Hacker News new | ask | show | jobs
by threedots 2051 days ago
I run a business in this space. Realistically your chances of having data that is useful to a HF (of any kind) is pretty low so I wouldn't bank on it as a revenue source unless you have a strong reason to believe (1) your data is predictive of something an investor cares about and (2) isn't already covered by other data.
5 comments

There are also ways to reliably find and curate this data for trading firms and asset managers. But that usually requires a somewhat uncommon blend of skills; like statistics, web scraping, reverse engineering, or some domain expertise that gives you an edge in (legally) finding and using nonpublic data. Scrappiness also helps a lot.
Out of curiosity what resolution and time scale is useful. Is it fair to assume the most hedge funds are relatively good at tracking recent information and the value is in older archives that's hard to collect?

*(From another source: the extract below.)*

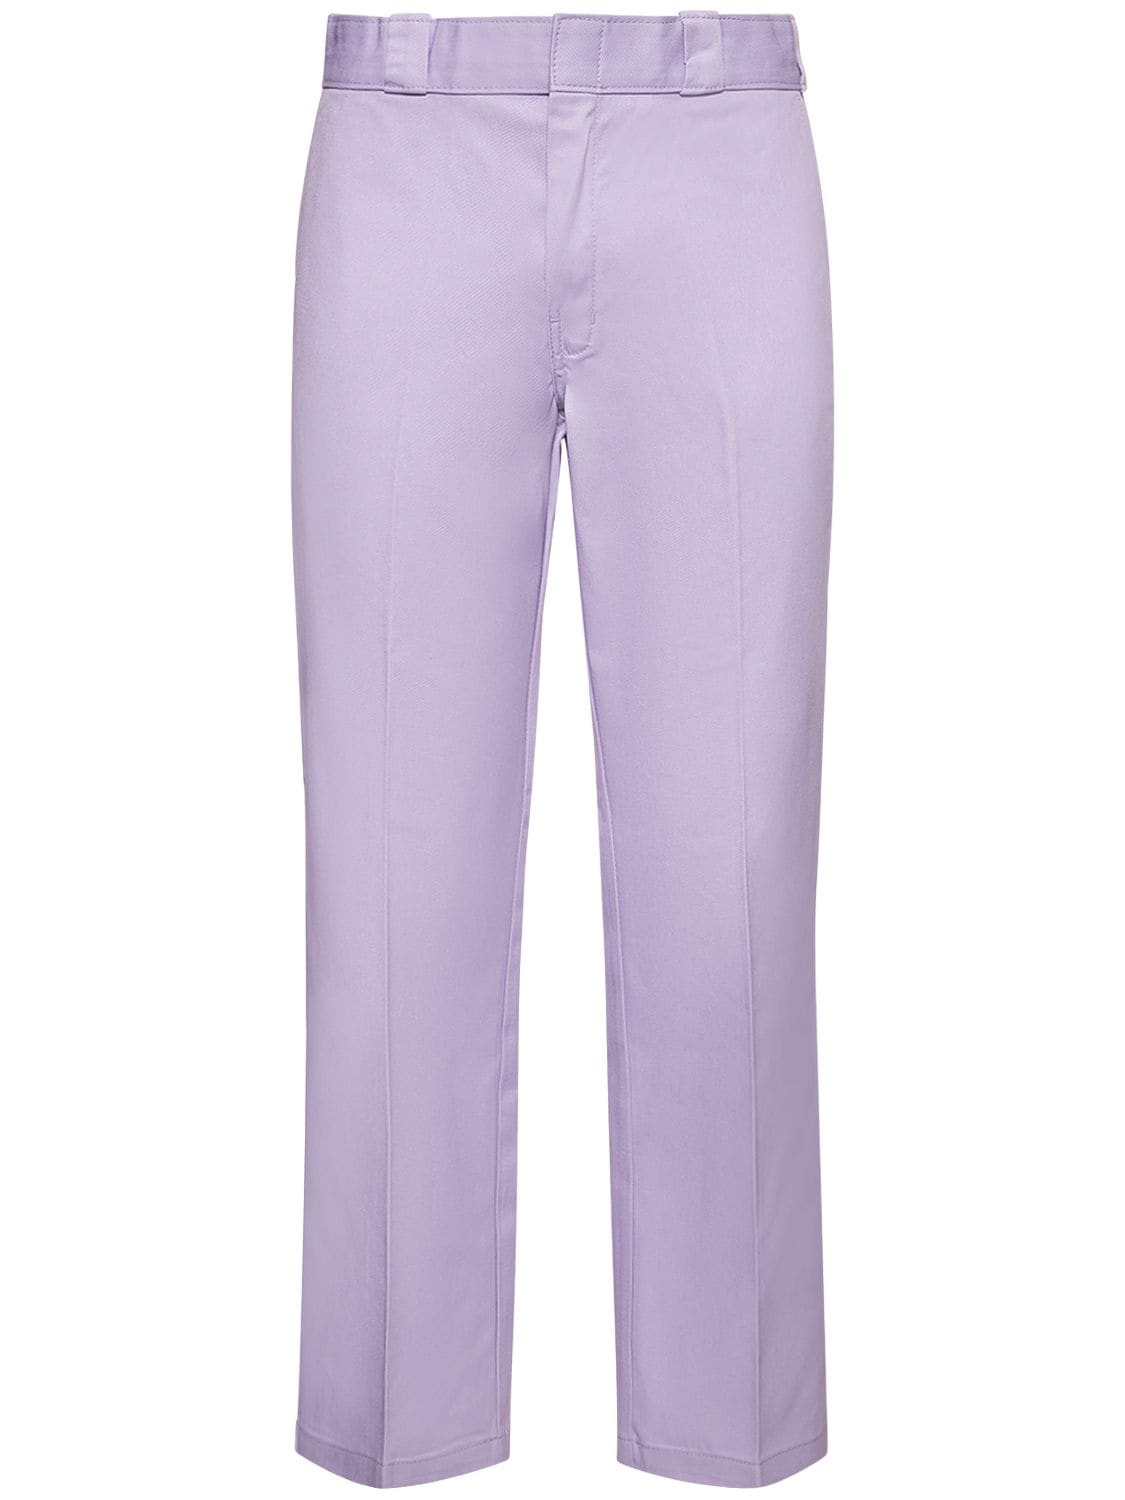 Dickies 874工装裤 In Purple Rose

Also are event streams and large connect event graphs like Forge.AI what sells actually useful?

Curious as my phd research potentially has applications for information extraction and event linking. But not entirely sure if those applications are actually valuable

> Is it fair to assume the most hedge funds are relatively good at tracking recent information and the value is in older archives that's hard to collect?

No, like he said the most valuable data has a signal that is independent from other data sets, which generally means something proprietary, and almost always without a long history. Having a cleaned archive of standard data with a long history is valuable but already pretty well served. It would be hard to compete with CRSP.

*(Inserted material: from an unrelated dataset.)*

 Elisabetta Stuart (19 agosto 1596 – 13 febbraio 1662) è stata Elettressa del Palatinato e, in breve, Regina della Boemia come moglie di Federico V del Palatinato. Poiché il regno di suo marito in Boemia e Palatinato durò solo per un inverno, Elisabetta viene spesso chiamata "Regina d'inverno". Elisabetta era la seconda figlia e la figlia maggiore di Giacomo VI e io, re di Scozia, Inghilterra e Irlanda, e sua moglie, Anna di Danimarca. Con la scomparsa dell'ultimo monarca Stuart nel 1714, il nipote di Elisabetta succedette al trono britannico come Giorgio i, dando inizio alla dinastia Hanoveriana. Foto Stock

I’m curious the types of data that are useful, what goes into them, and what the curators of that data might make for them.
Could I send you a sample?

I’m curious about certain data I’m scraping for a project.

If you shoot me an email I can tell you very quickly if it's viable, and direct you to specific people at firms who would buy it. I probably don't need a sample if you give an honest description of it.
Is it better to provide the raw data, or to instead provide some interesting statistics from aggregating or running a model on the data?
Usually hedge funds prefer the raw data so their own research teams can do modeling and analysis.
Once they see the raw data they'll have a good idea how to get it. Why don't they just set up their own scraper at that point, instead of paying me?
Because scraping data sucks, occasionally has compliance concerns, and is a different core competency from trading. They would rather offload all of the bullshit involved in maintaining a robust scraping operation than pay their research team to do it.

Time spent on maintaining a scraping operation is time taken away from optimizing your ETL process and producing actionable research for your trading team. You know how people pay to have their pipes unclogged even when they know how it's done? Same idea.

If all it is some data scraped off a few web sites that they could get an intern to do in a week or three, then it's unlikely to be valuable enough for them to pay you a substantial sum of money.

The most valuable data is data that is difficult to gather. Think things like proprietary (i.e. unpublished) industry data. The canonical "sexy" alternative data set sold to hedge funds is counts of cars in retail parking lots from satellite photos.

I disseminate realtime transaction information from blockchain mempools (BTC,ETH) and flag any that create large state updates, is this useful information for any hedgefunds in the cryptospace?
Trying to get my credit union to allow users to opt in to sell bulk annon checking account transactions to a hedge fund. Having that much point of sale data would be huge.
uh no, please don't do that. Individual decisions that seem harmless can be incredibly destructive in the aggregate, and this is one of them.
For those that need an example, a great reminder is the target data mining story at https://www.forbes.com/sites/kashmirhill/2012/02/16/how-targ...
I'm not saying you're wrong, but I am curious what negative trends you believe will emerge from someone actioning this data.
Would you mind elaborating on the sorts of harms you're thinking of?